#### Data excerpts
Segment Open

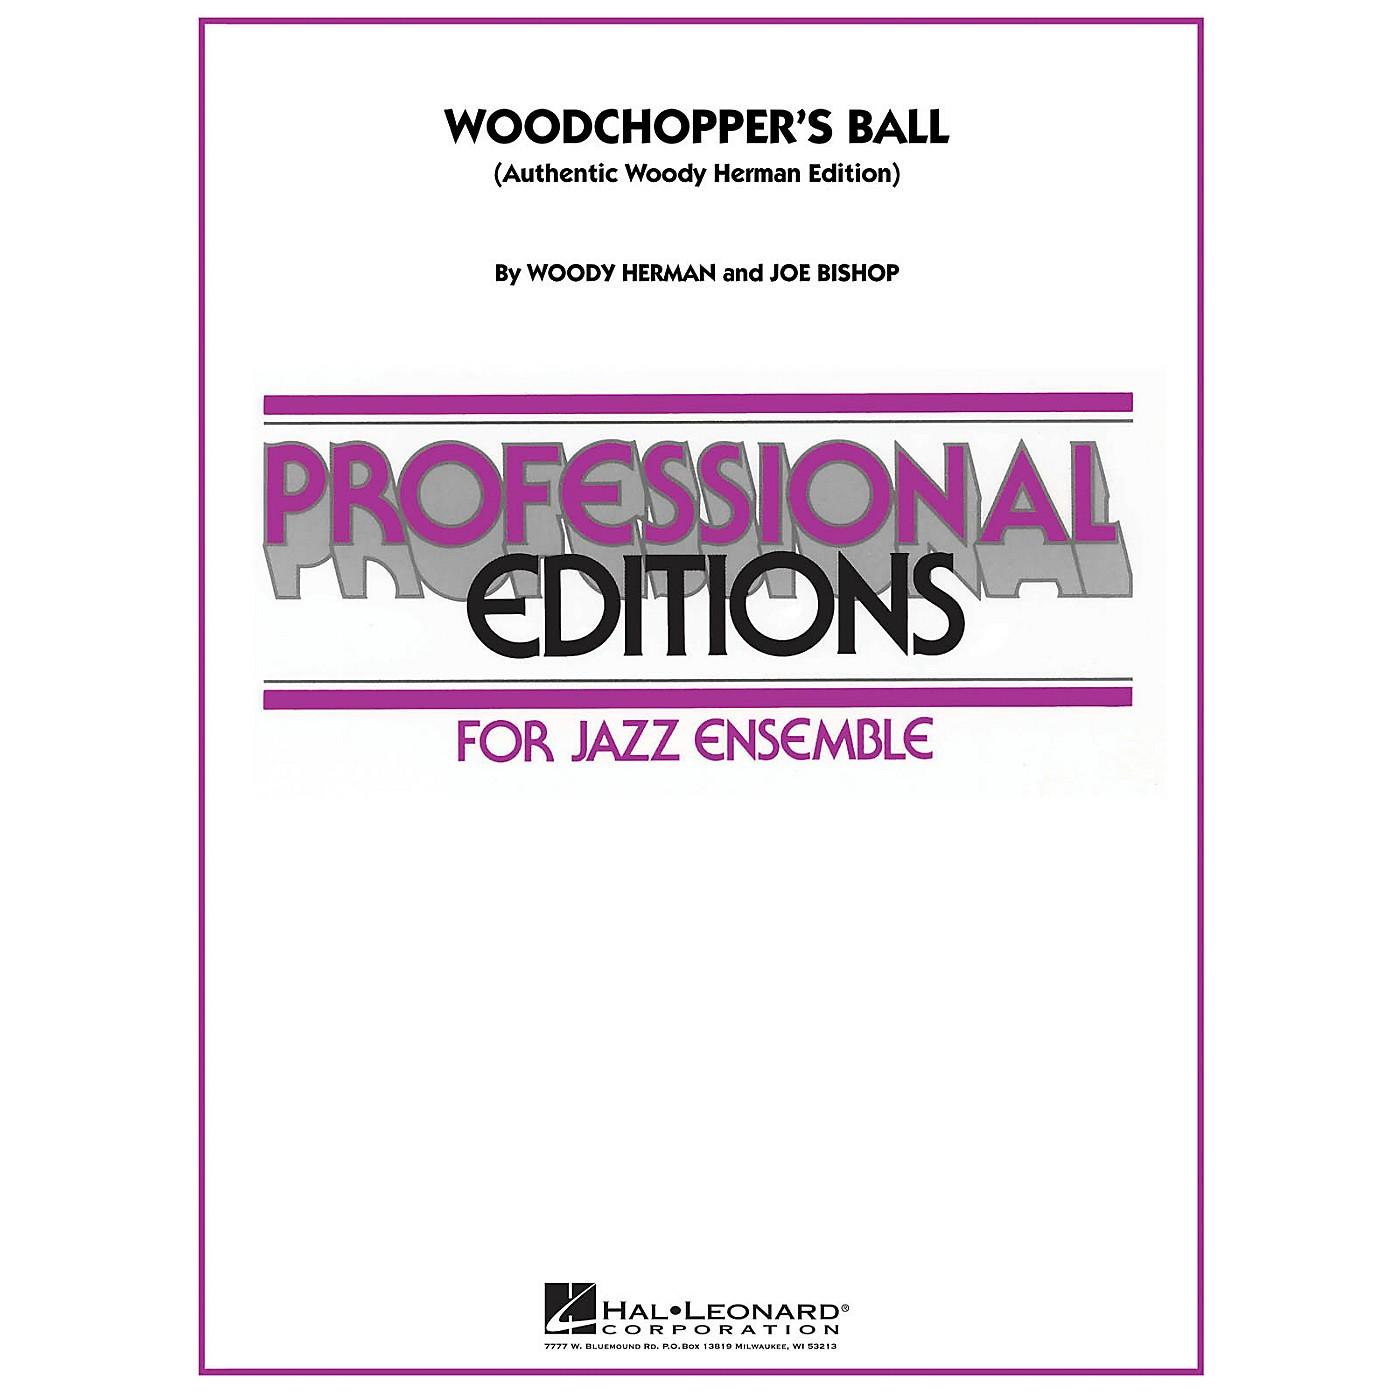 Hal Leonard Woodchopper's Ball (Authentic Woody Herman Edition) Jazz Band Level 5 Arranged by Joe Bishop thumbnail
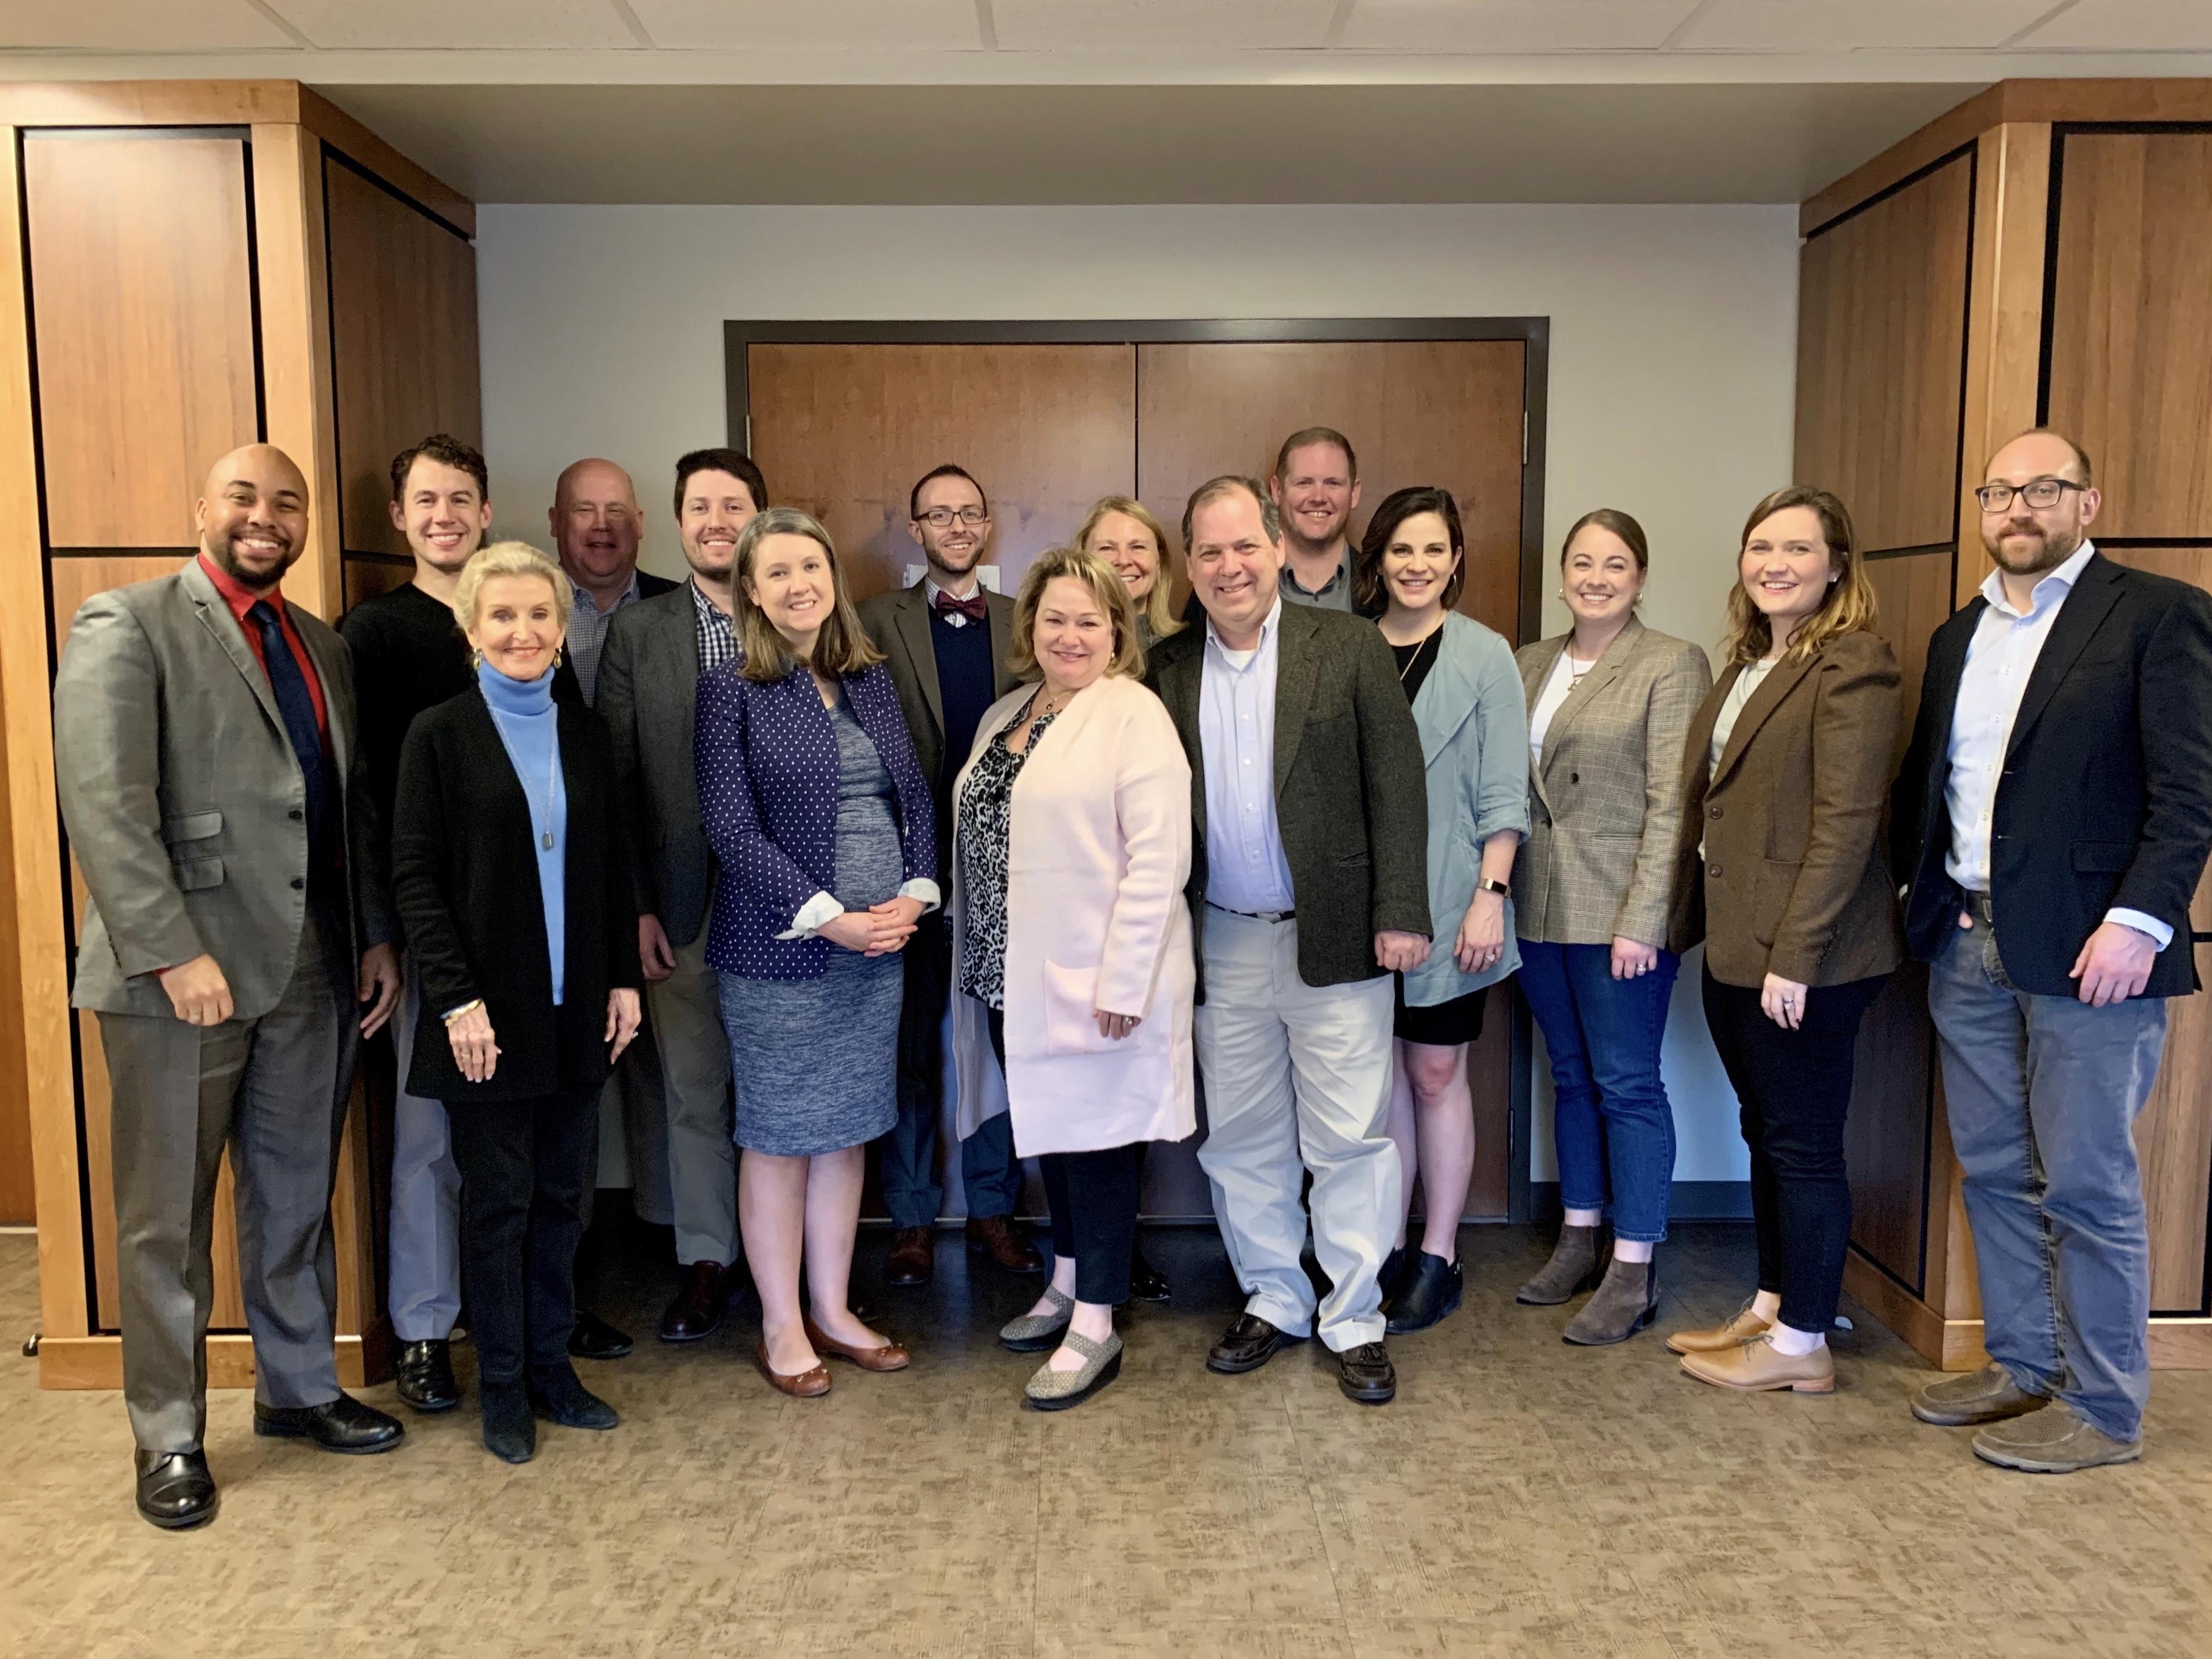 SMBHC Leadership Council Convenes
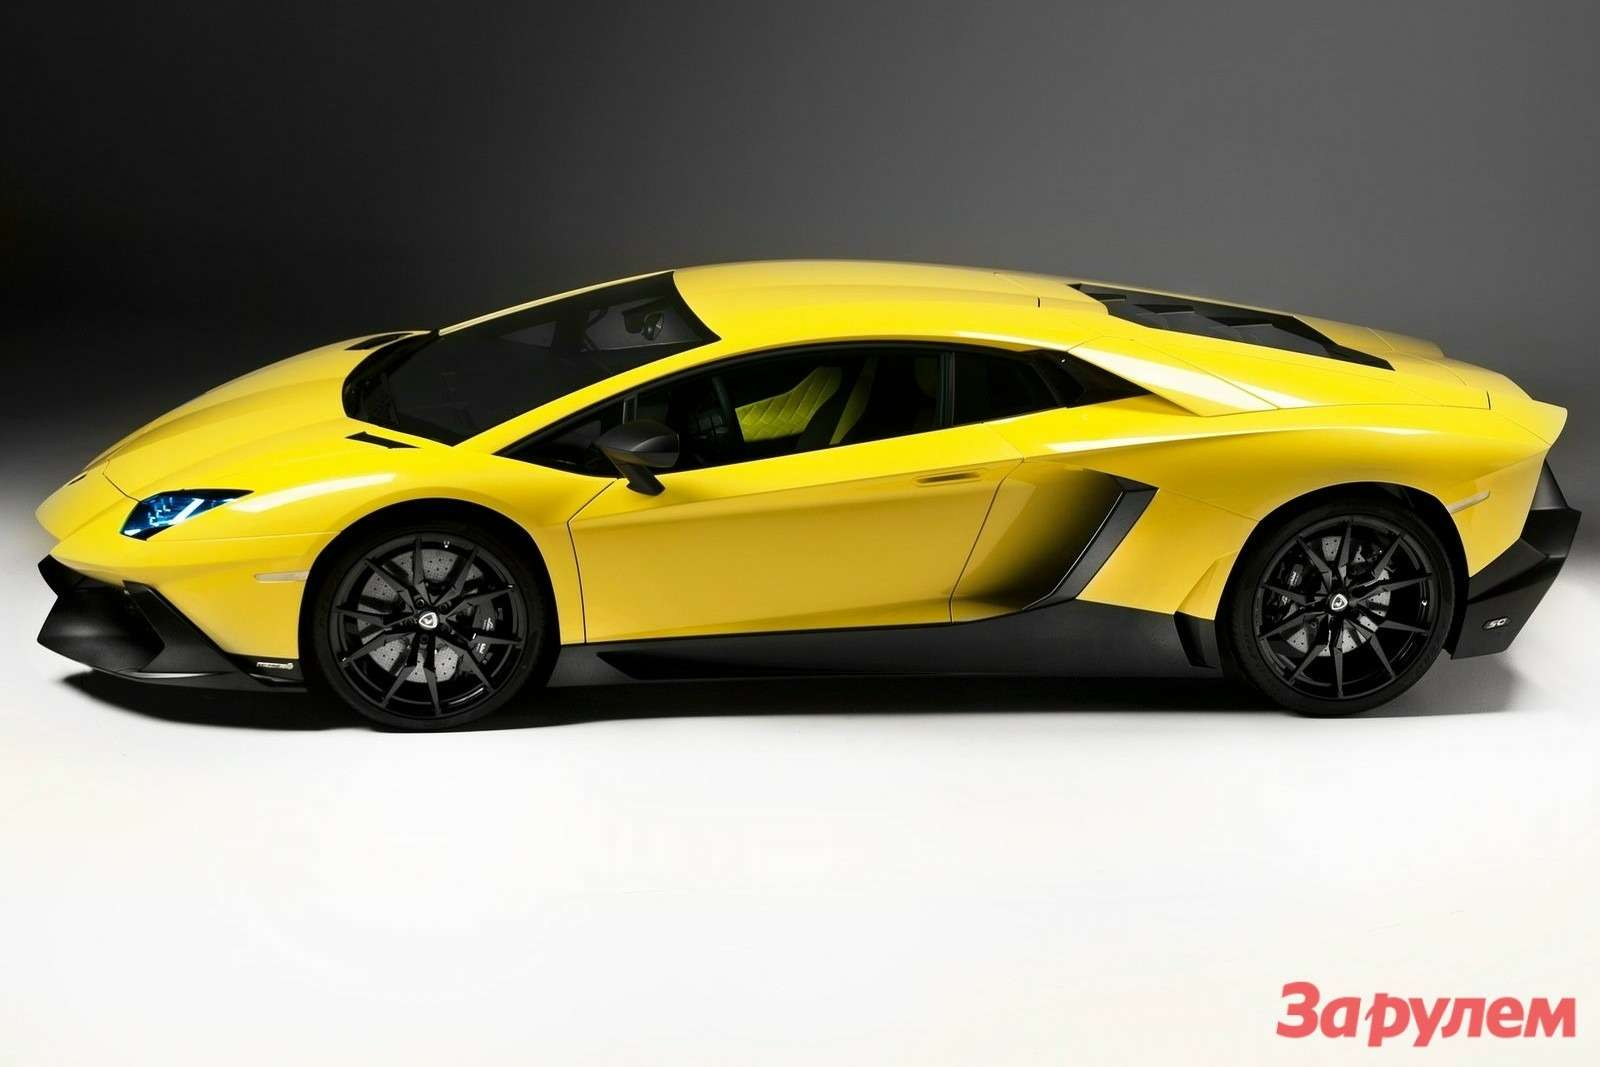 Lamborghini Aventador LP7204 50th Anniversary 2013 1600x1200 wallpaper 02
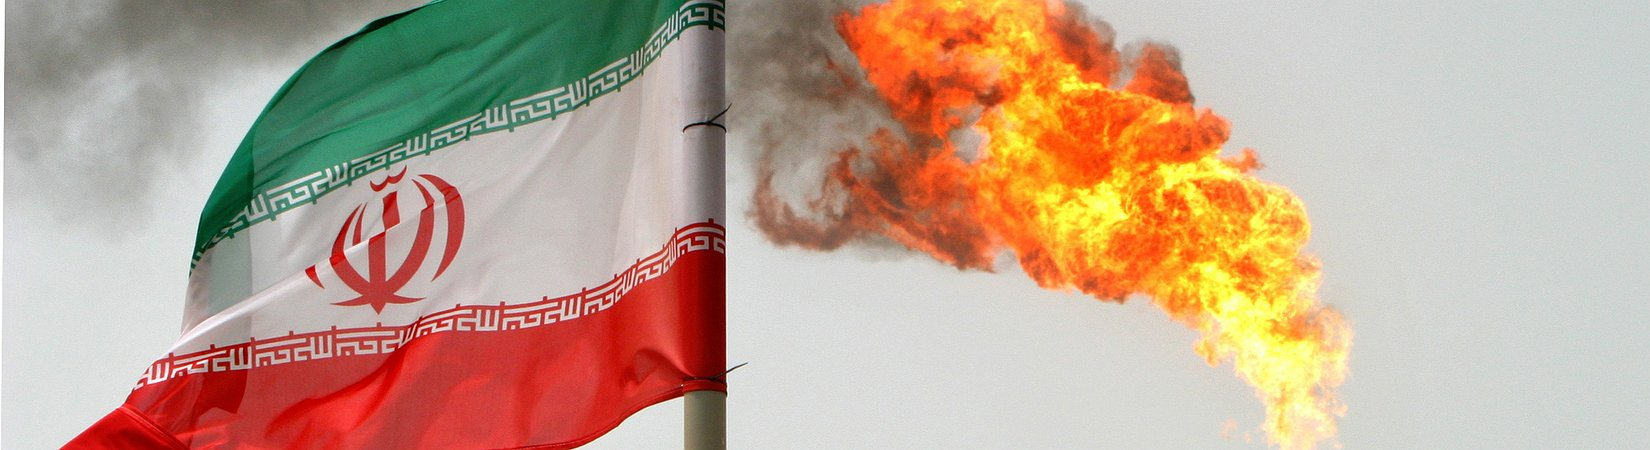 Total impulsará en Irán un proyecto de 5.400 millones de euros
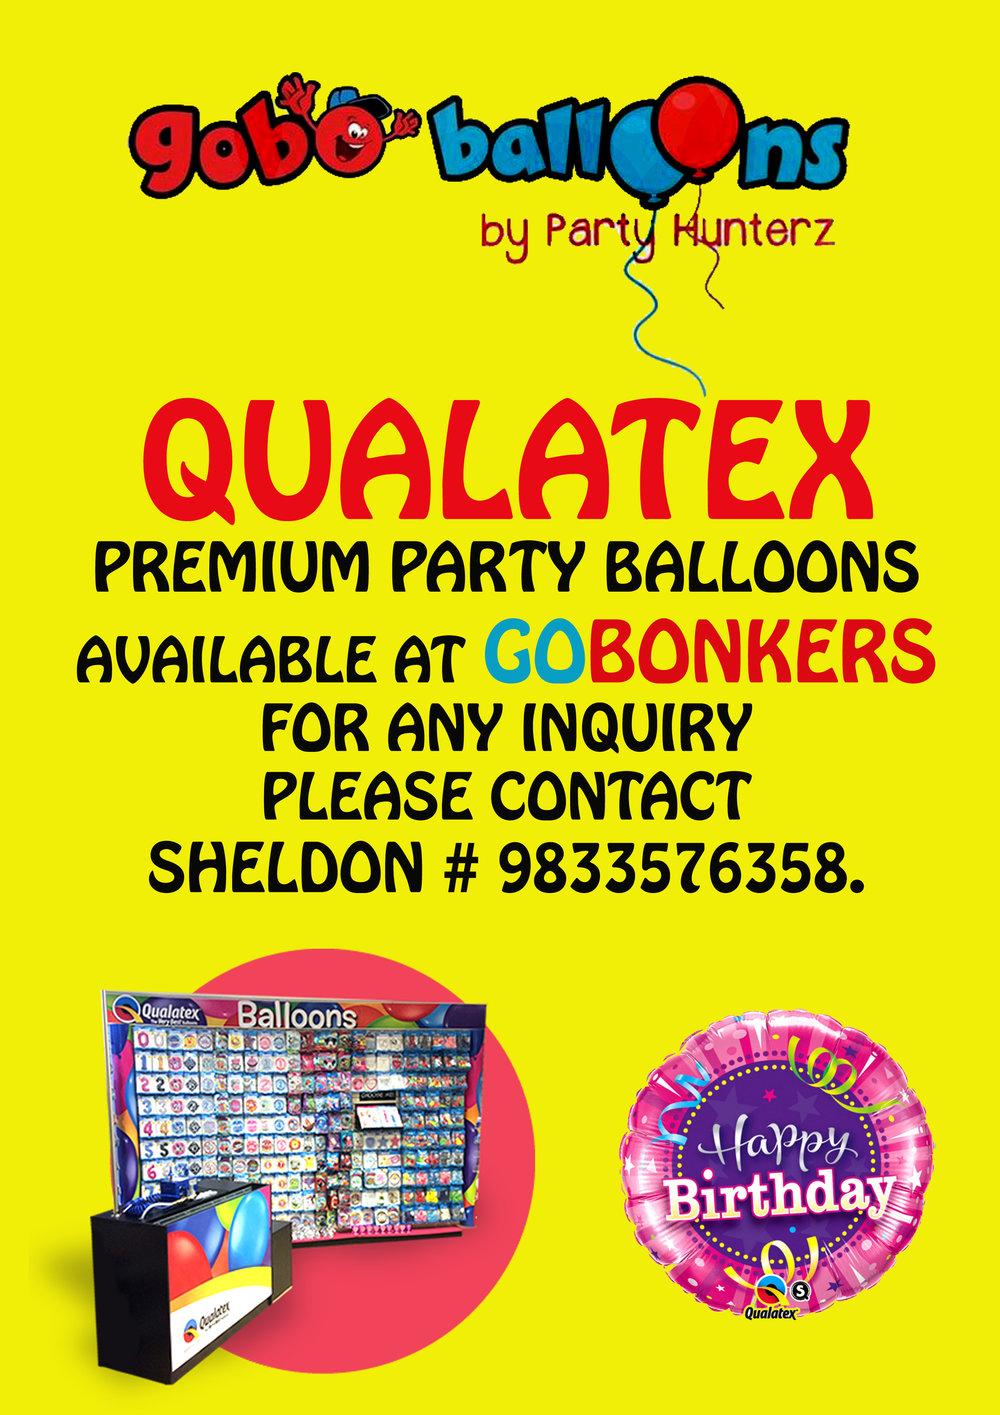 Qualatex copy.jpg

Segment Closed

#### What you have to do
To answer, repeat exactly the lines from the line containing "Total impulsará en" through the last line of the data above, leaving out all pictures.

#### The completed task
 Total impulsará en Irán un proyecto de 5.400 millones de euros
 Qualatex copy.jpg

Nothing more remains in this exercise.